Questi gli trasmetterà i segreti dell’Alta Scuola, disciplina che
impegna cavalli e cavalieri nella difficile arte del Dressage, una
sorta di balletto cavalcato, elegante e fluido a vedersi, ma che
richiede concentrazione e precisione estrema in ogni
passaggio. Flavio debutta così a 14 anni, a Tortona, in sella ad
un cavallo. Nel frattempo scopre un’altra passione: gli elefanti. “I
cavalli, - usa dire Flavio - “ imparano lentamente. Bisogna
insegnare loro un passaggio alla volta e ci vogliono due anni perché
siano in grado di eseguire un esercizio. Un elefante, invece,
ricorda tutto più in fretta. Però non ti permette di sbagliare due
volte; se l’addestratore ripete lo stesso errore, l’animale si
rifiuterà di ripetere l’esercizio. Mi domando a volte chi è dei due
che insegna, e chi impara”. Quindi non un domatore come nella
tradizione, ma un addestratore di animali: elefanti, cavalli,
pantere, tigri, rinoceronti. Ed è proprio un esercizio con gli
elefanti a metterlo in luce agli occhi del Principe Ranieri III di
Monaco, che invita la famiglia Togni ad esibirsi nel suo Principato
da favola durante il Festival International du Cirque del 1976. Per
la cronaca, di quell’edizione vincerà il Clown D’Argento. Il
palmares di Flavio Togni però comprende numerosi altri
riconoscimenti: nel 1983 vince il Festival del Circo di Parigi,
sempre nell’83 conquista nuovamente il Clown d’argento al festival
di Monte Carlo con il numero misto di elefanti e cavalli; nell’84 si
aggiudica la vittoria al festival del Circo di Vienna, nell’87 avrà
la Briglia d’oro alla Fiera Cavalli di Verona, nell’88 è vincitore
del Festival del circo d Katowicze, infine nel 1992 vince la Pista
di Platino al Gran Premio Internazionale del Circo a Milano. E
ancora a febbraio del 1998 vince il suo terzo clown d’Argento al 22
Festival International Du Cirque a Monte Carlo, incantando la platea
con due numeri sensazionali (il primo composto da 16 cavalli arabi
il secondo con 8 elefanti indiani) confermandosi l’unico artista al
mondo a detenere tre statuette del prestigioso riconoscimento.

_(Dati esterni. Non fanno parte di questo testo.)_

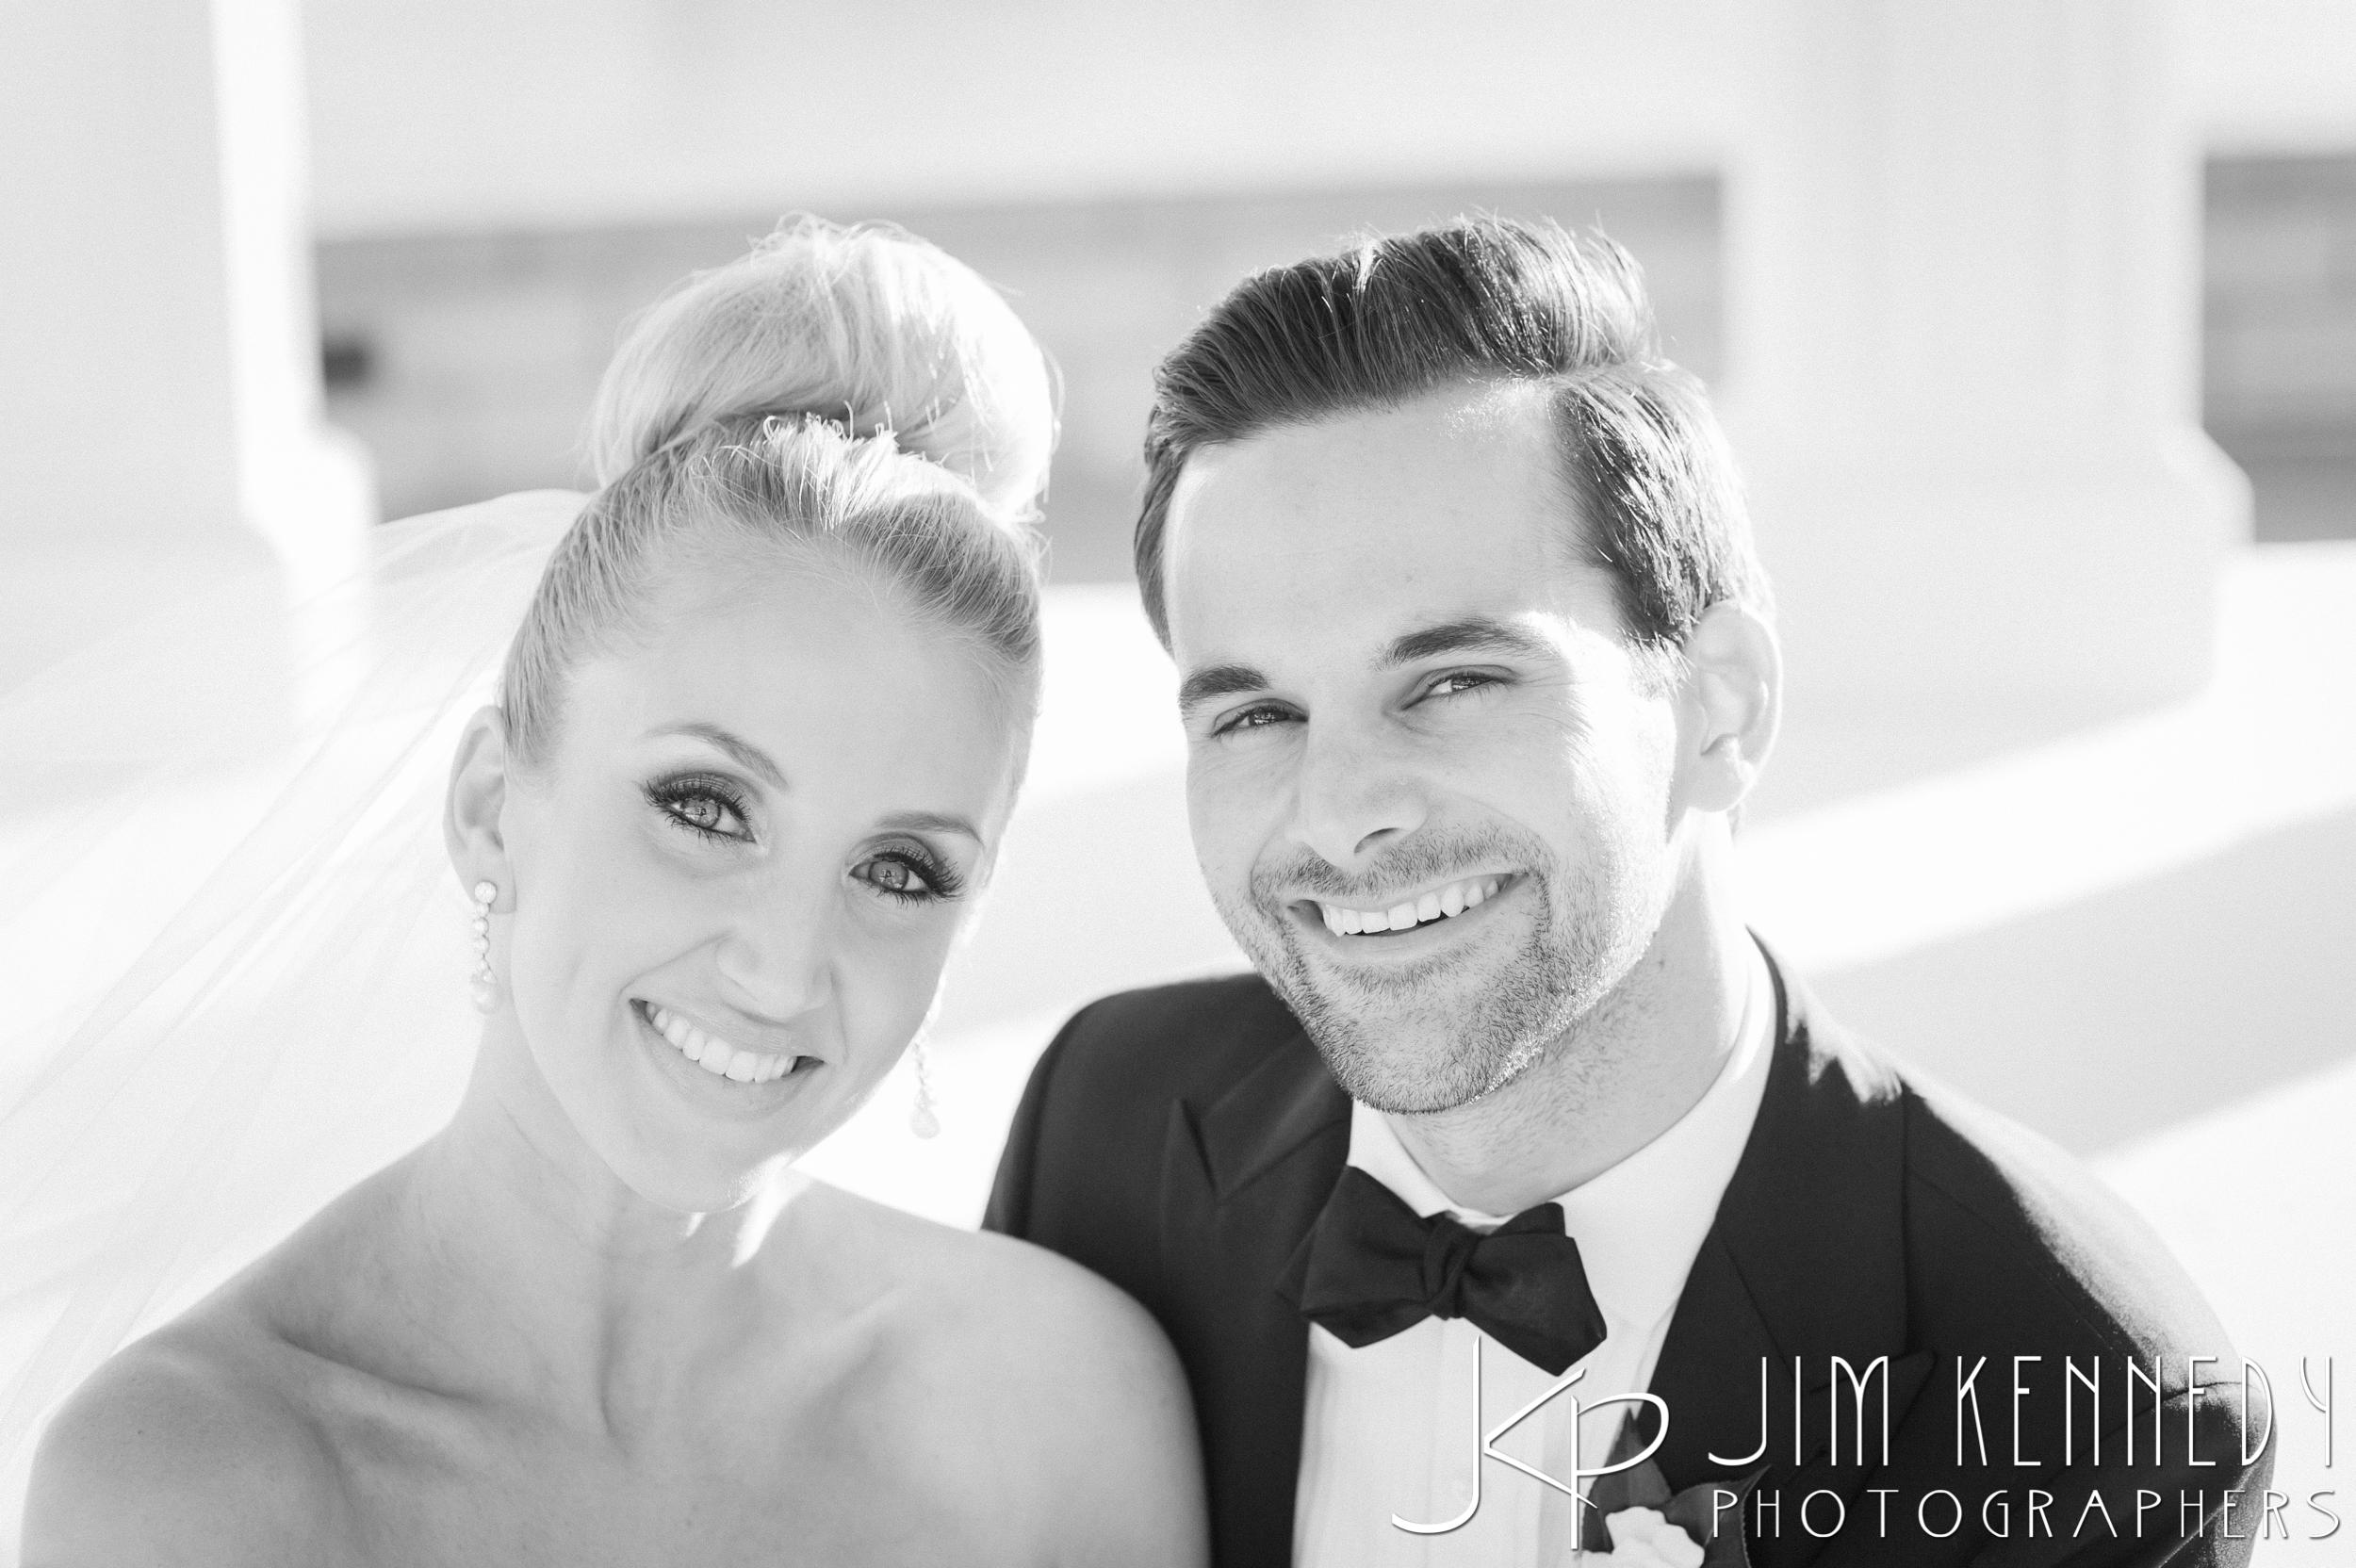 balboa-bay-resort-wedding-photography_0134.JPG
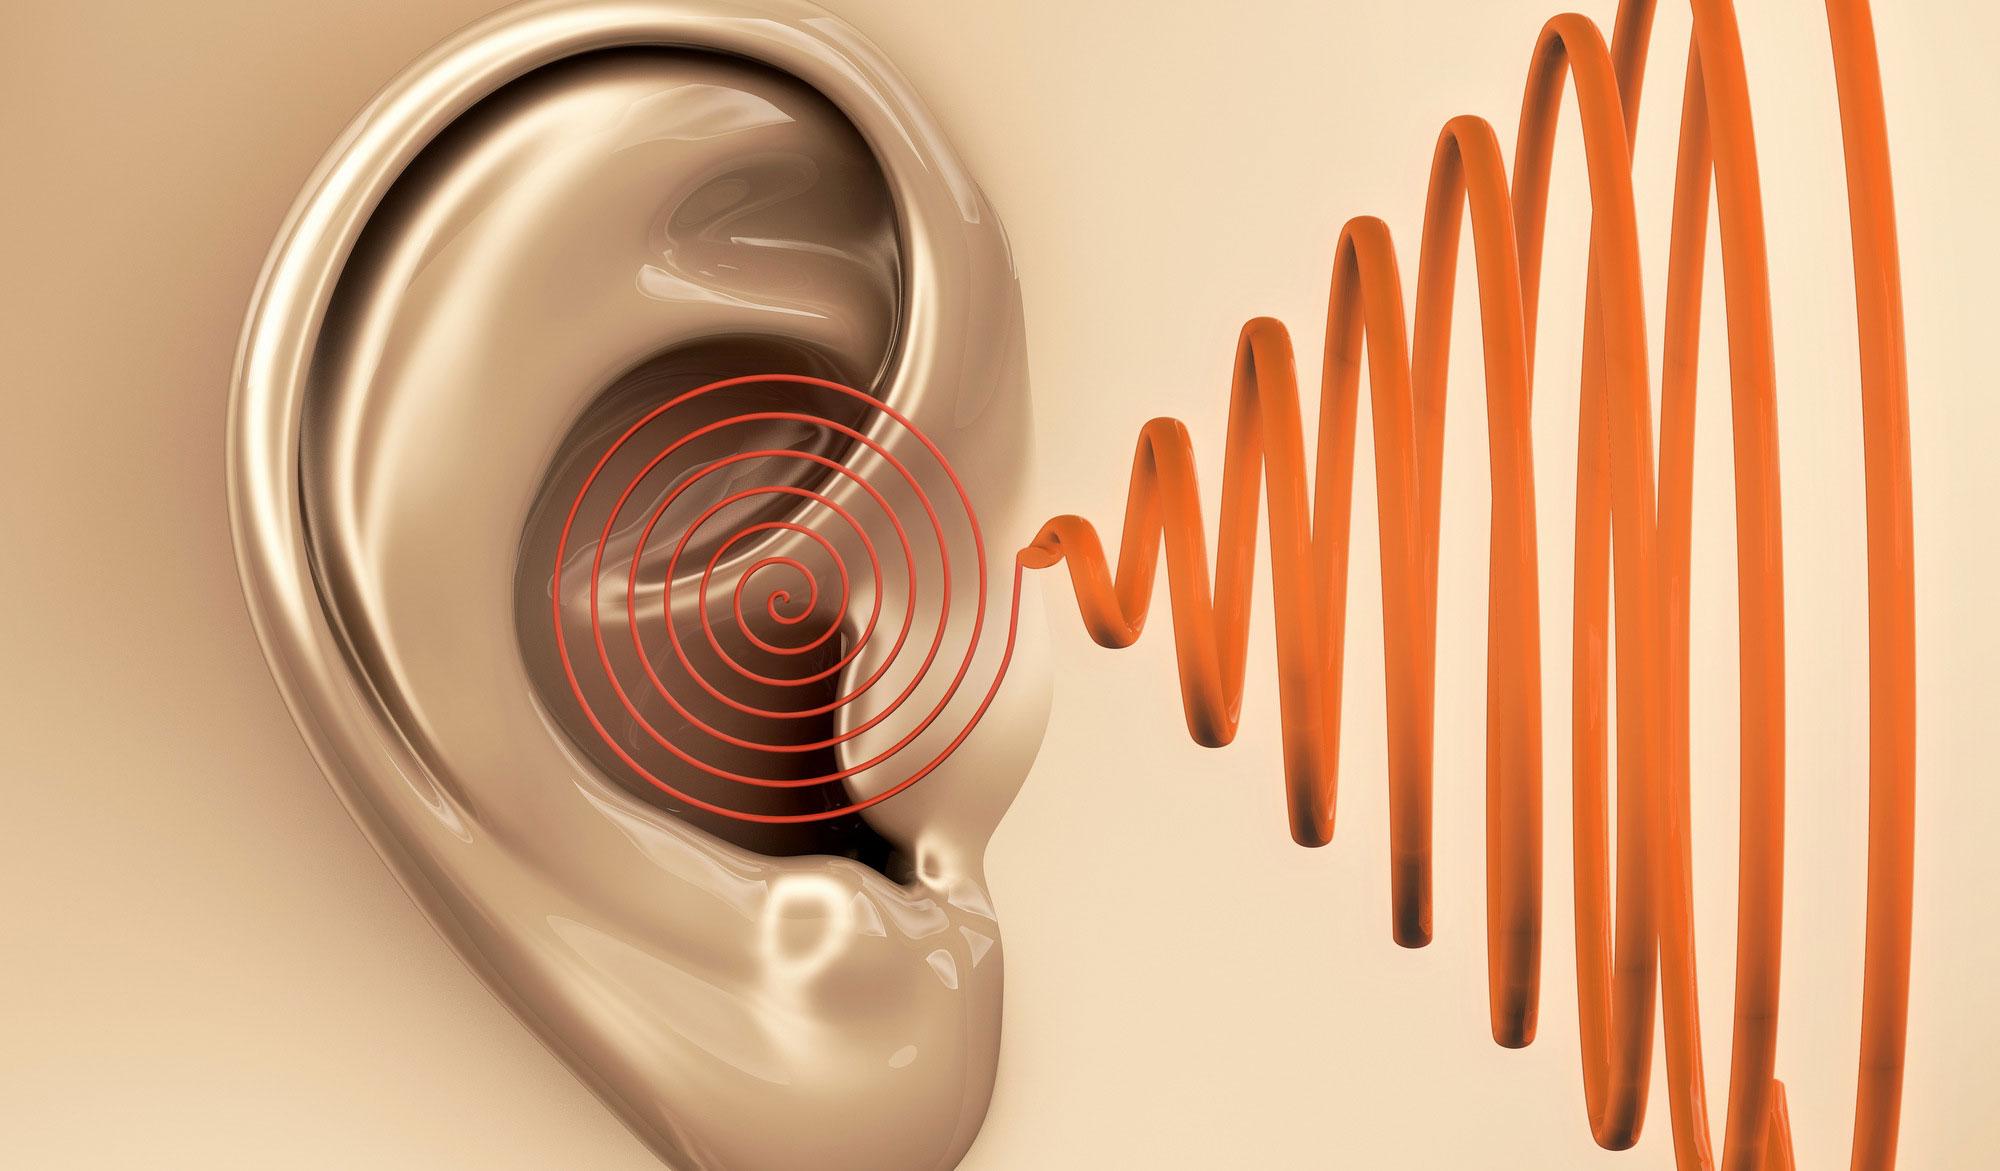 transmissao-funcionamento-som

Sempre nel 1998 vince il primo premio alla Fiera Cavalli di Verona.
Il segreto di questo successo è forse nascosto nelle parole di
Flavio stesso, che dell’addestramento degli animali ha fatto una
filosofia di vita. “qualcuno pensa che bisogna “rompere” il
carattere di un animale per domarlo diventarne il padrone e
sottometterlo. Non è assolutamente vero; deve essere la fiducia e
non la paura a spingere un animale ad eseguire un esercizio.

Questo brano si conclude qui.